→ WHAT IS BEING ASKED:
Exclude images; transcribe the rest of the data exactly.

→ SOURCE DATA:

▼

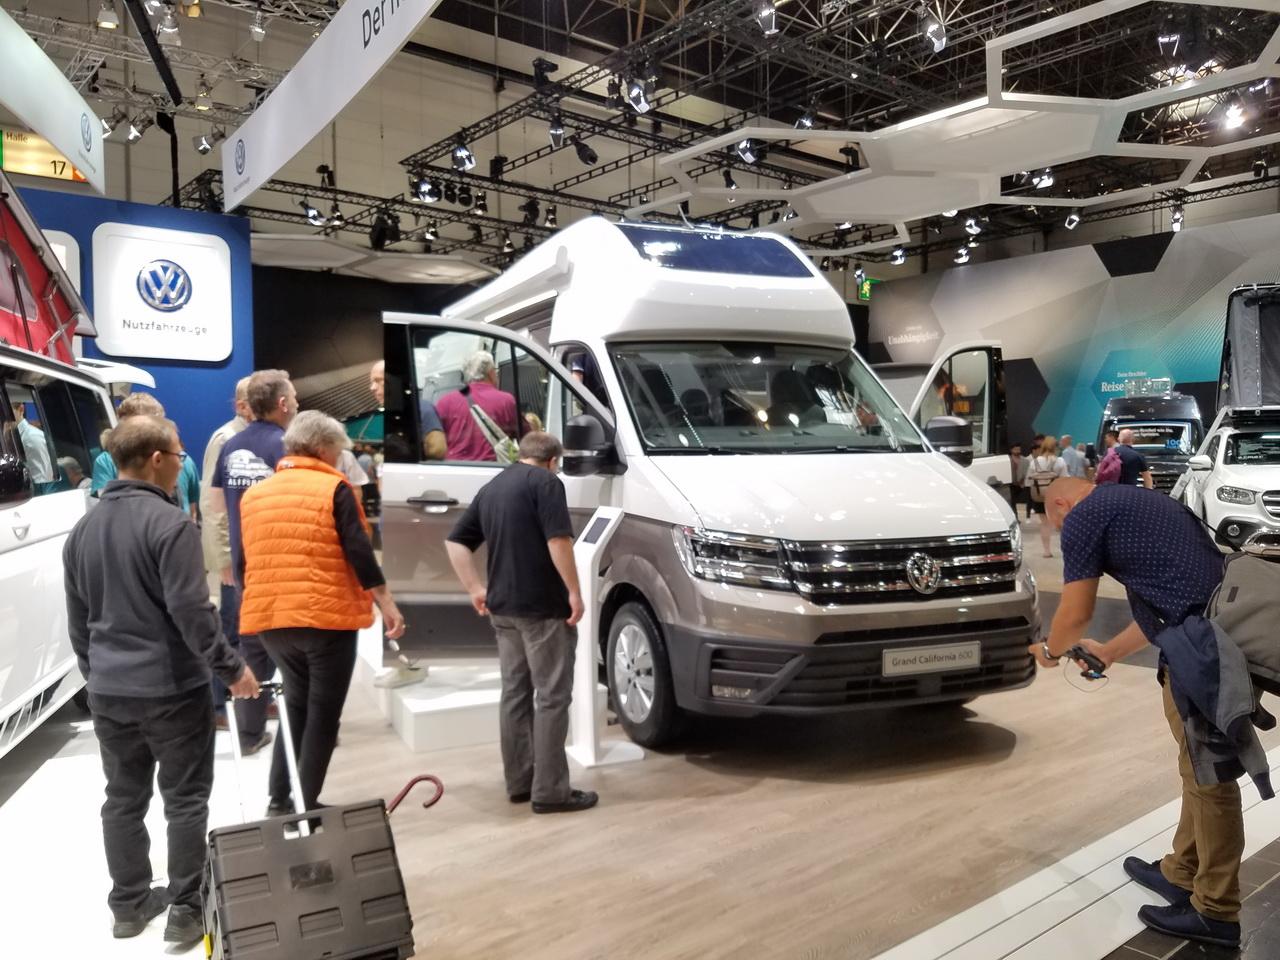 Volkswagen Grand California : visite guidée en vidéo - L'argus
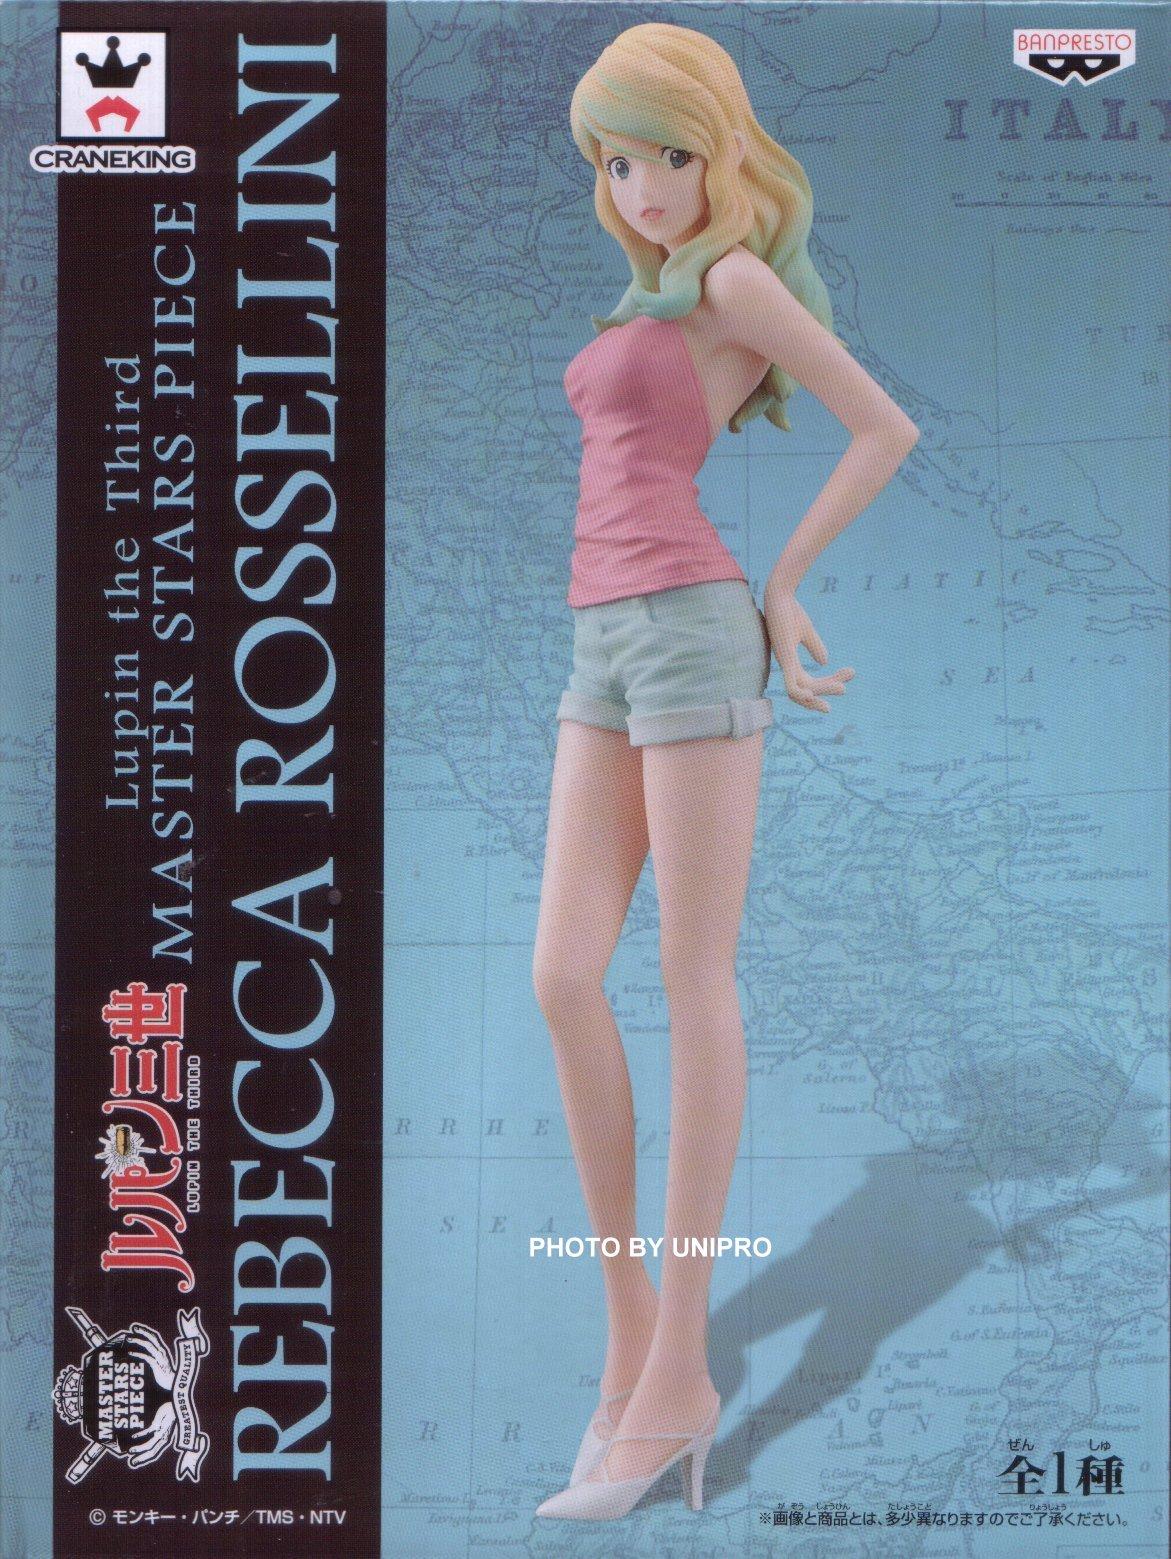 台灣代理版 MSP 單售 蕾貝卡 Rebecca Rossellini 魯邦三世 公仔 MASTER STARS PIECE GOEMON ISHIKAWA
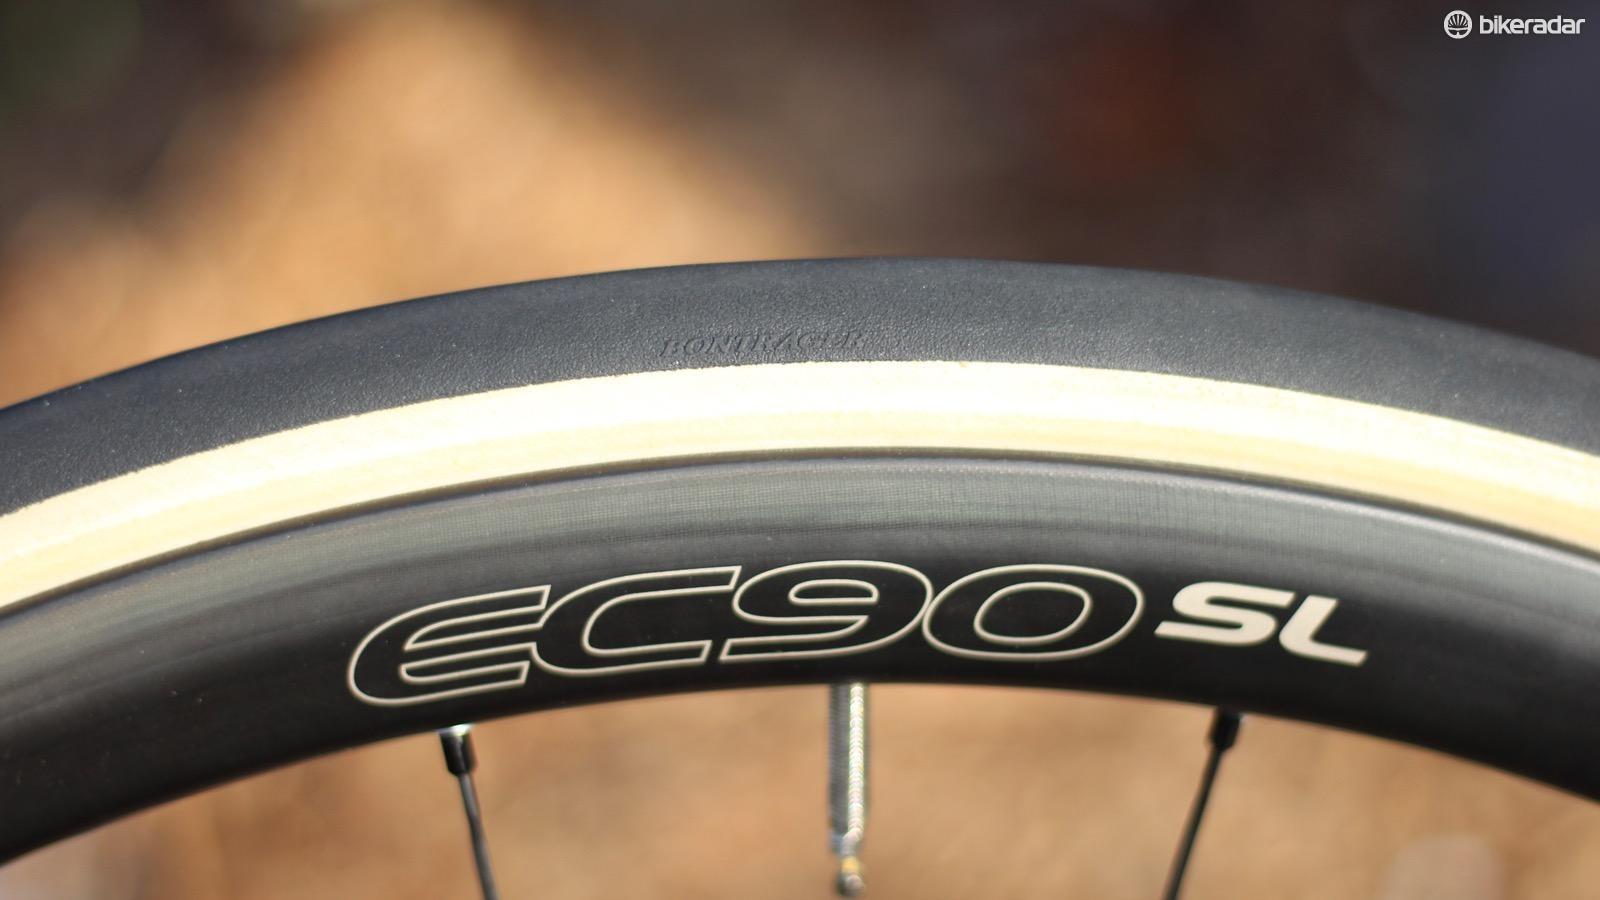 road-tire-test-7-1486070698667-6dyy3vlcfaxa-d51cfe1

▲

→ OUTPUT OF THE EXERCISE:
 Volkswagen Grand California : visite guidée en vidéo - L'argus
 台灣代理版 MSP 單售 蕾貝卡 Rebecca Rossellini 魯邦三世 公仔 MASTER STARS PIECE GOEMON ISHIKAWA
 road-tire-test-7-1486070698667-6dyy3vlcfaxa-d51cfe1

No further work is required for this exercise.